I've been more critical of lifts just so my bench keeps going up! 

Sent from my super gyno titty...


----------



## ckcrown84 (Oct 19, 2014)

Power Lifting is such an amazing sport to participate in, takes a lot out of you and requires a lot of sacrifices if you want to do well but every bit of it is worth it when you get under the bar and battle for victory, when you look back at where you were and see the progression to where you are now. Each battle, each sacrifice all feels worth it when you see that progress. 
July 10th I got 460 off a 2 board today I bashed 480lbs... 20lbs PR. Fucking love it.
Who cares ? Well me... And if you ask that after reading this ask yourself what the fuck have you accomplished ? 



http://youtu.be/IENwUJ_0WNU


----------



## ckcrown84 (Oct 21, 2014)

http://youtu.be/uyiGiw5MxHY


----------



## strongman760 (Oct 21, 2014)

NiCe squat buddy


----------



## ckcrown84 (Oct 21, 2014)

strongman760 said:


> NiCe squat buddy



Making progress steadily


----------



## ckcrown84 (Oct 27, 2014)




----------



## lewie562 (Oct 27, 2014)

Hell ya man your putting in major work. You got this handled man were is the contest at what state. Also just wondering how often you training chest. Good luck man


----------



## ckcrown84 (Oct 27, 2014)

lewie562 said:


> Hell ya man your putting in major work. You got this handled man were is the contest at what state. Also just wondering how often you training chest. Good luck man



Columbus Ohio December 7th 
I train chest twice a week 
Once heavy once light


----------



## ckcrown84 (Nov 4, 2014)

Today I got some squats in. Seeing where I am at. December 7th is my competition.
500lbs for 2, very happy. My first rep was a bit high, 2nd rep to depth. Can't complain. Obviously my 500lbs is the last lift in the video.


----------



## ckcrown84 (Nov 6, 2014)

Today I did some accessory work (volume) with chains. Decided to go volume instead of speed work. Needed it Mentally.
Bar + chains 15 reps
140 + chains 15 reps
190 + chains 15 reps
(rest recorded)
the bar is 50lbs not a 45lbs bar.
230
280
320 






After bench we did some flyes with bands. holy stabilizer issues. But, I had fun and had a mean pump lol.

Pullups and Pushups
10 sets of pullups, increases reps. 1 rep, 2reps, 3 reps, up to 10reps Each set of Pullups with 20reps of pushups

After pullups and pushups just finished off with 5x10 V-bar pulldowns then some easy lat rows


----------



## ckcrown84 (Nov 14, 2014)

Heavy doubles. Almost got 470 for two. Could have been a little tighter and shoulder flared out way too much.

Very nice progress, really good confidence boost.

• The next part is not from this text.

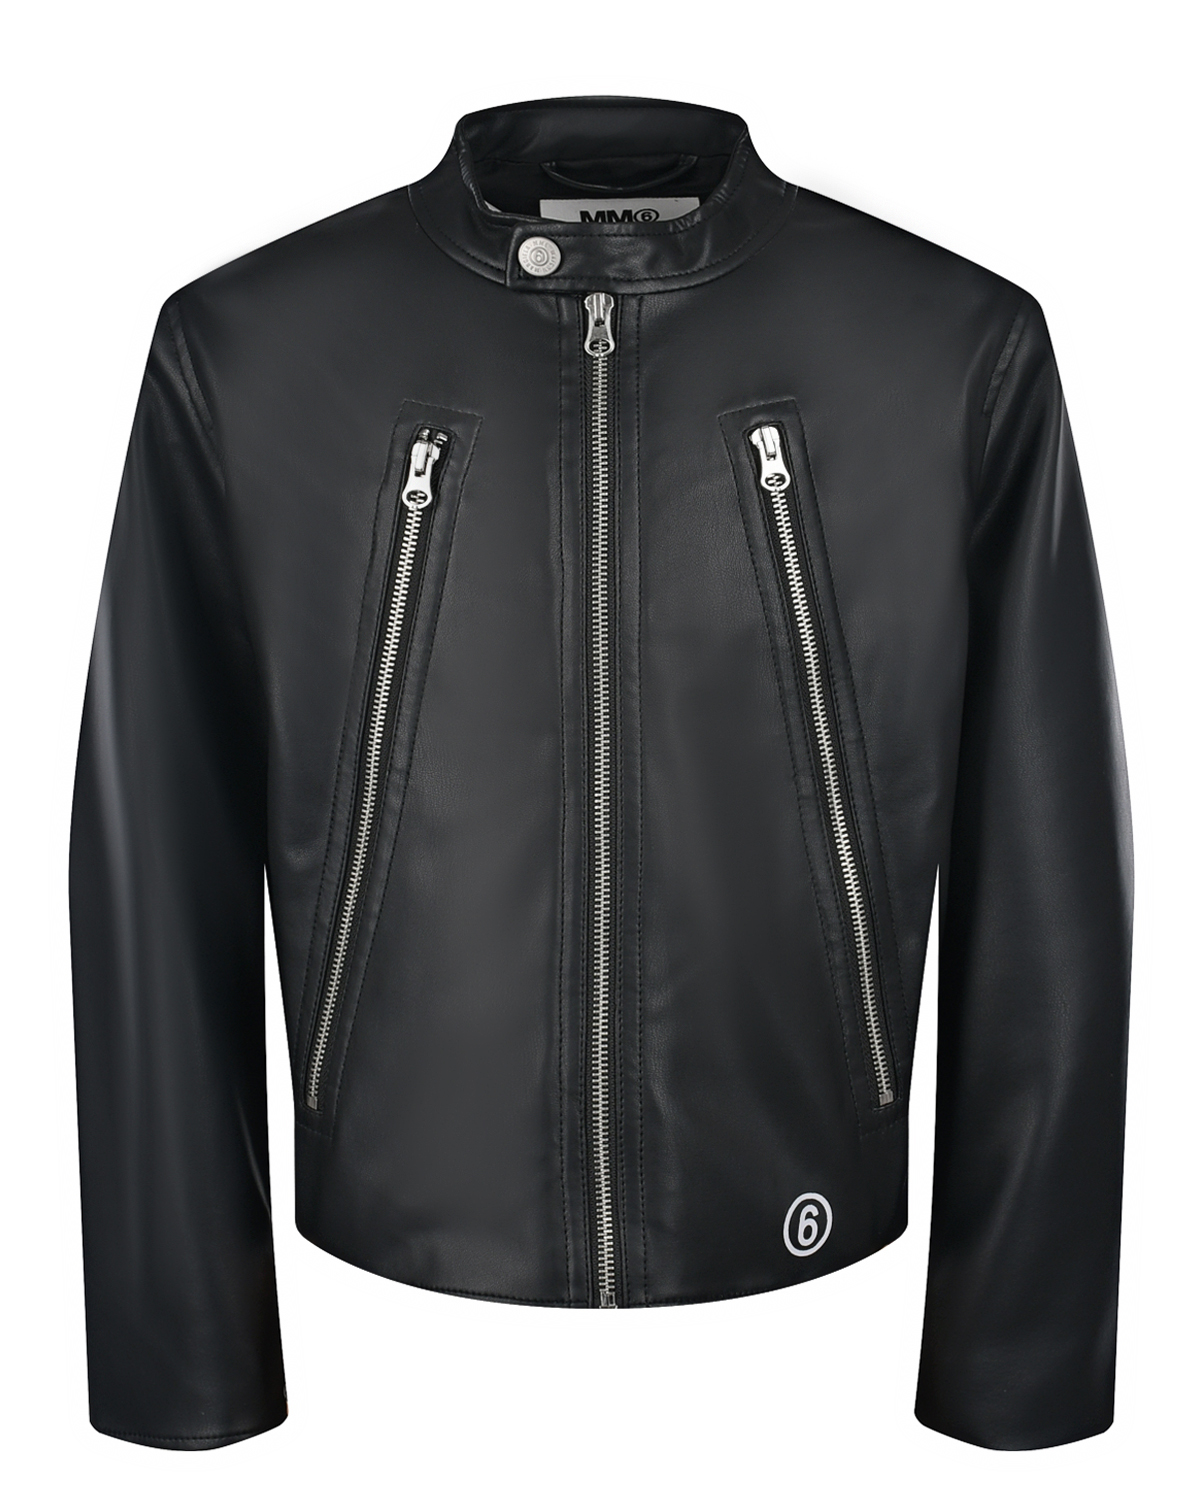 Черная куртка из эко-кожи MM6 Maison Margiela футболка базовая черная с лого mm6 maison margiela

Am definitely dialed in nicely for December 7th.

I am thinking to do
460 opener, 480, then depending on how 480 goes shoot for the 500.


----------



## ckcrown84 (Nov 19, 2014)




----------



## ckcrown84 (Nov 23, 2014)

What a day, twerked my shoulder a tad before the workout even started-- It hurts I am sure it negatively impacted my lifts some but I made it through a brutal overload session and will be seeing the chiropractor tomorrow. I have a few sessions between now and the December 7th meet.

Am excited

Progress is good. Am definitely flirting with 500. 480 today, had a few issues (notice the cramping and wrap changes) but all in all great session.

Note: Bench bar is 50lbs not 45.


----------



## Gissurjon (Dec 5, 2014)

ckcrown84 said:


> Welcome to my journey to a 500lbs raw bench
> 
> Let the journey begin !!!



Impressive. But. Why. Are. Your. Hands. So. SMALL?!


----------



## ckcrown84 (Dec 5, 2014)

Gissurjon said:


> Impressive. But. Why. Are. Your. Hands. So. SMALL?!



Yeah I'm sure that's something I can change
Thanks for the thread contribution 



Sent from my iPhone using Tapatalk


----------



## ckcrown84 (Dec 7, 2014)

The after math of a competition bench PR 
Death 
Videos to come 






Sent from my iPhone using Tapatalk


----------



## ckcrown84 (Dec 8, 2014)

12/7/14 was the longest meet i have ever done, 14 hour day. 
Sorry for incontinent video angles. 
Let's start with the lifts 

squat: I opened with a 20lbs PR at 470. A weight that crushed me last competition. Moved easy. Went to 500lbs. In the opinion of most the judges buried me, way too deep. 2nd attempt i fell forward some and just lost it. Can I complain with a 20lbs meet PR ? No, but I really wanted 500+ 

Bench: wow what a great bench day. In the warm up room I've never been so fast and explosive. First attempt 440, very light. 
Went to 480 and well everything went wrong, no aggression, grip too close, just wasn't a good lift.  Took 480 again and... Well we fixed the aggression part. This lift absolutely took everything I had. 480 was the RPS record so I was allowed a 4th attempt which I did not take. 
To be honest I was happy with winning that fight with 480 and continuing would have been stupid. 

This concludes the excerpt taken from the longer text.